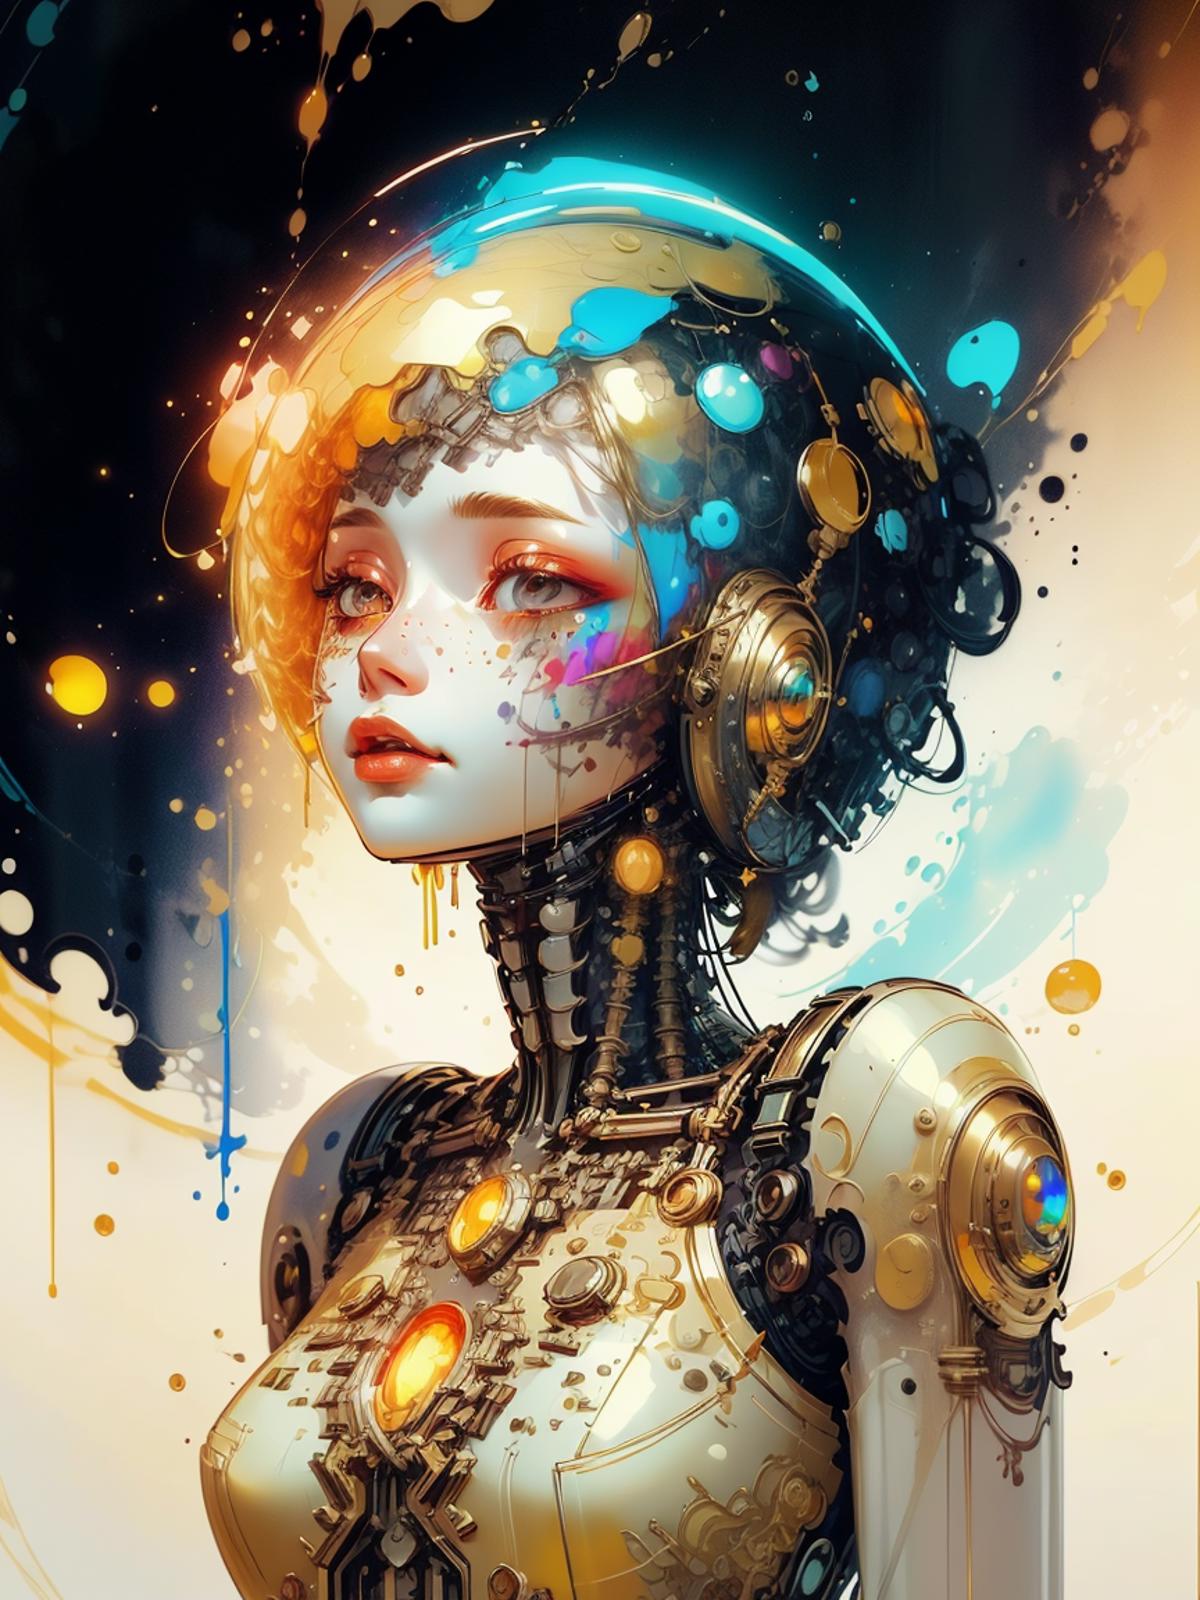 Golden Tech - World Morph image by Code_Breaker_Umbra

==

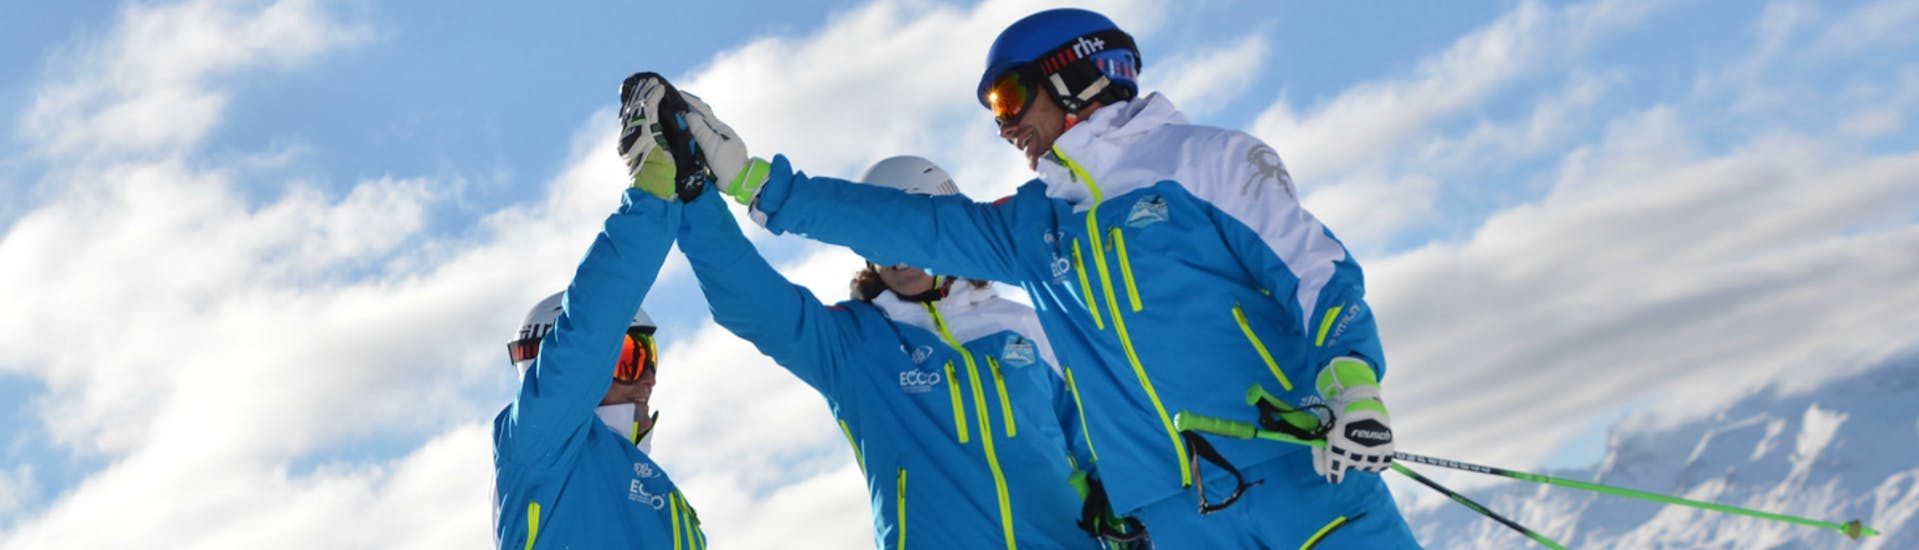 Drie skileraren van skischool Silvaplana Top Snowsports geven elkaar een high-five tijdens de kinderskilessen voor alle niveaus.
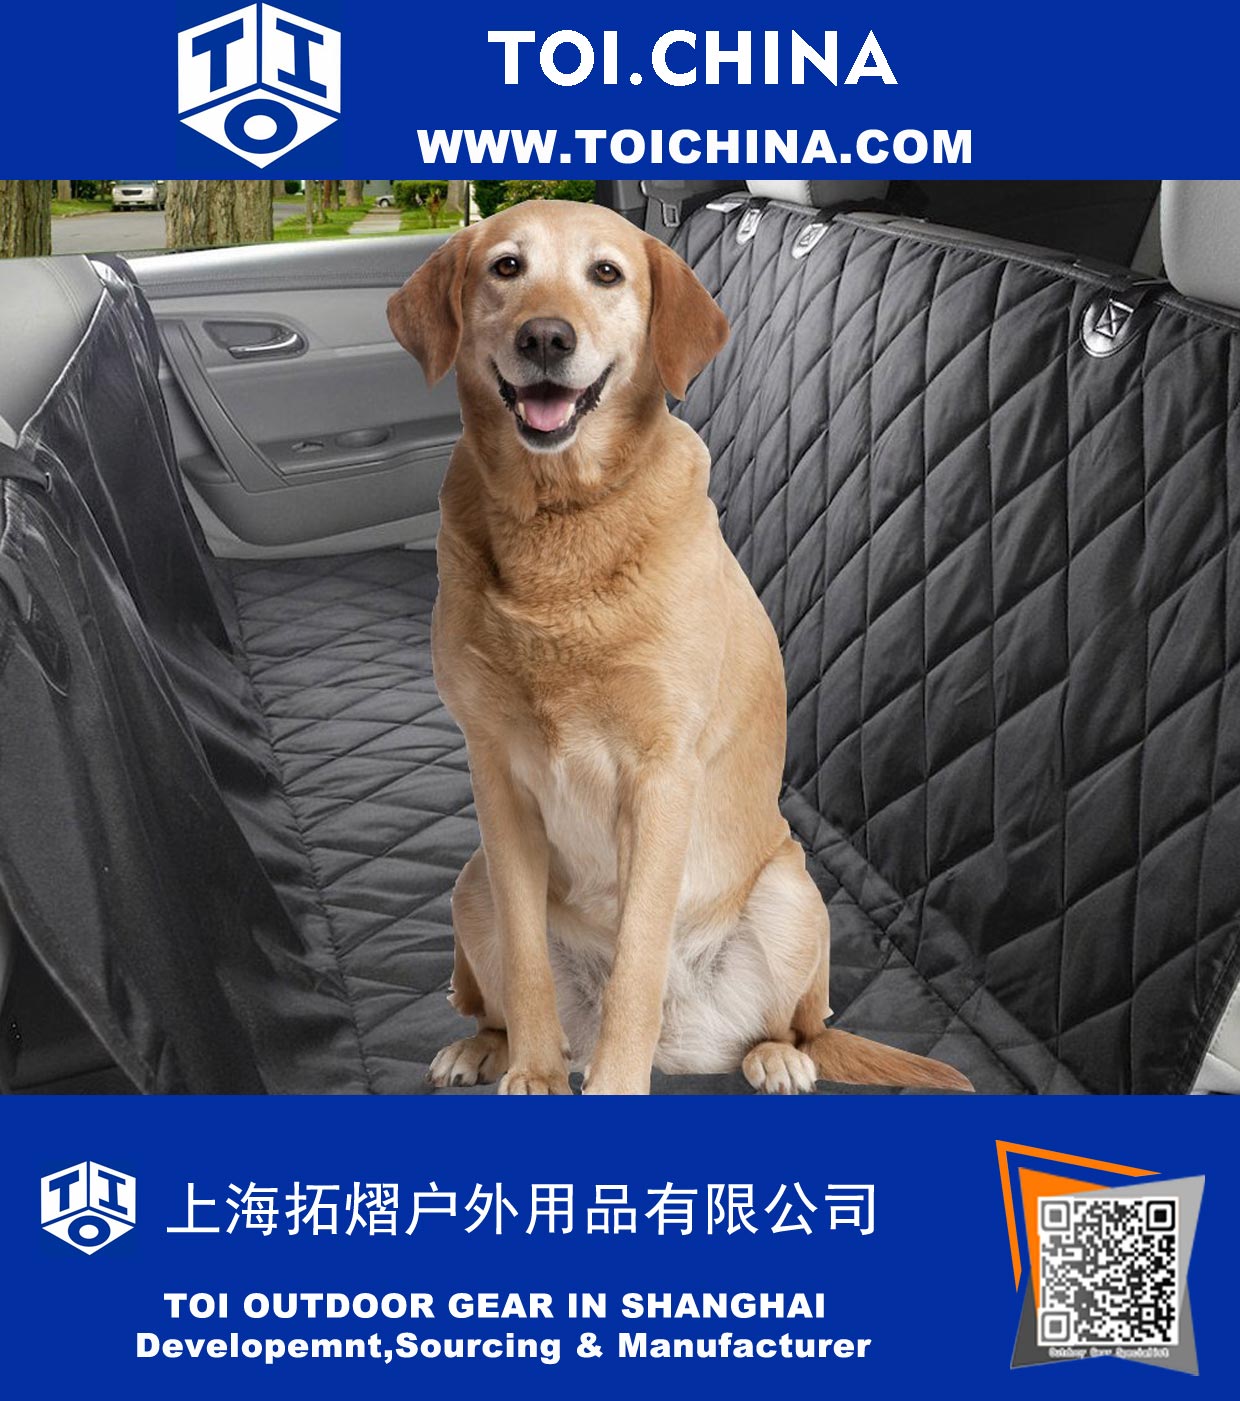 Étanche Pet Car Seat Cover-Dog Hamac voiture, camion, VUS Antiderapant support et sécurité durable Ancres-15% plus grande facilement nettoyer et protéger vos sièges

Task to carry out: A clean copy is needed of the lines in the listing above from the one with "Drie skileraren van" through the one with "Étanche Pet Car", exact in every word and free of pictures.

Answer below:
 Drie skileraren van skischool Silvaplana Top Snowsports geven elkaar een high-five tijdens de kinderskilessen voor alle niveaus.
 Étanche Pet Car Seat Cover-Dog Hamac voiture, camion, VUS Antiderapant support et sécurité durable Ancres-15% plus grande facilement nettoyer et protéger vos sièges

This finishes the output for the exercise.